Chile
People/ProductsCasa Poli is only a 30-mile drive from Chile’s second-largest city, Concepción, midway down the country’s coast, but it feels perched at the edge of the world: a place with limitless ocean views, a soundtrack provided by wind and pelicans, and no other human beings within eyeshot, except for local fishermen in boats, hundreds of feet offshore. Venture 45 minutes outside any major city in the United States, and you’re in an exurban tangle of highways, but here, half the roads remain unpaved. In the States, a weekend house such a quick jaunt from the city would mean high prices for land and construction, yet here, Pezo von Ellrichshausen Architects (PvE) built almost 2,000 square feet for $63,000 dollars.
But if the Coliumo Peninsula, on which Casa Poli rests, sounds too idyllic, the truth about its development should be told: On the bay side of this landform, construction cranes are busily erecting weekend retreats for city residents. Only the Pacific Ocean side has remained largely uninhabited, and mostly because many people consider its terrain less suitable for building. Of course, that could change now that word has gotten out about Casa Poli. (The house garnered first prize at the 2006 Santiago Biennale, where its architects, Mauricio Pezo and Sofia von Ellrichshausen, a married couple, won the Best Young Chilean Architects Award.)
The pair found this piece of pristine cliff through Pezo’s friend and mentor, artist and writer Eduardo Meissner and his wife, sculptor Rosemarie Prim.
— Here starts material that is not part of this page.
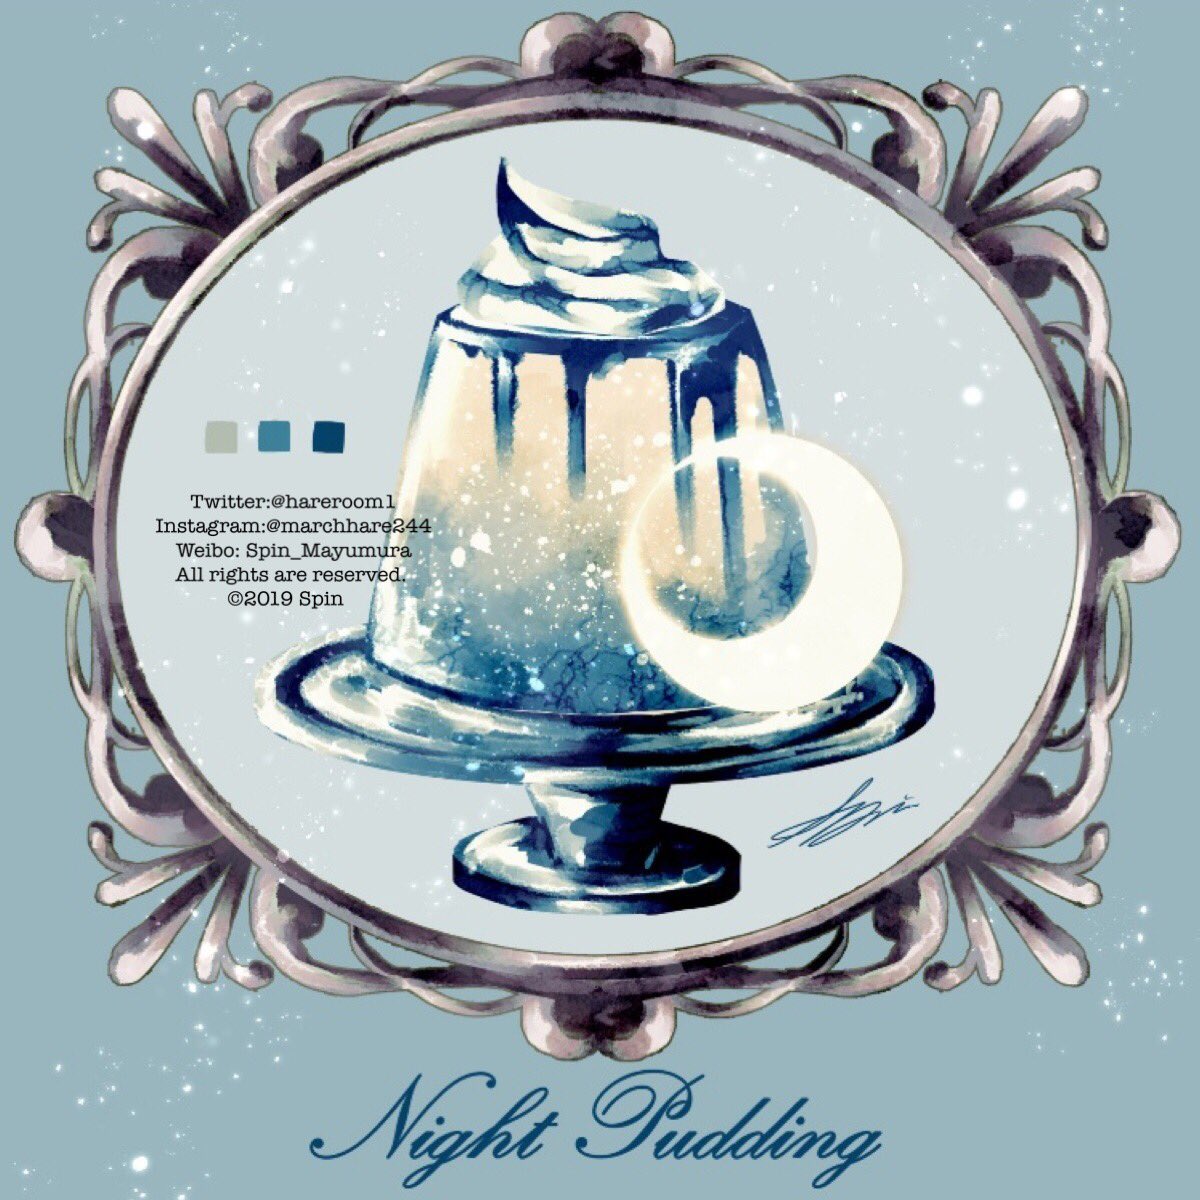 「架空喫茶「Night Sky」 」|Spin@3.25~26出版記念展/作品集2巻発売中のイラスト

Though the property’s value had appreciated in recent years, the seller wanted to divest herself of the 2.5-acre parcel for the same price she’d paid for it long before Chile’s economic boom, hoping her generosity would spur the buyers to build something more meaningful than the cookie-cutter, cast-concrete spec houses abounding elsewhere on the peninsula.
The two couples bought the land together in 2003 and at first considered erecting two houses there, but over the course of several dinners realized that neither pair would be on-site enough to warrant double construction. As they discussed the program for a single house, they began to imagine the structure serving not merely themselves, but also a larger community. “Once we decided not to build two houses,” recalls von Ellrichshausen, “we knew we needed to do more and give something back to this area.” They agreed to turn the house into an artist’s residency during the off-season, when neither couple would be using it.
For Pezo and von Ellrichshausen the challenge was to create a house that felt domestic and comfortable, but might also inspire the abstract thinking of artists. Budget, or lack thereof, was a valuable constraint in determining the material palette.
Concrete—cheap, reliable, and low maintenance—served PvE’s needs, with the toughness to fend off formidable elements.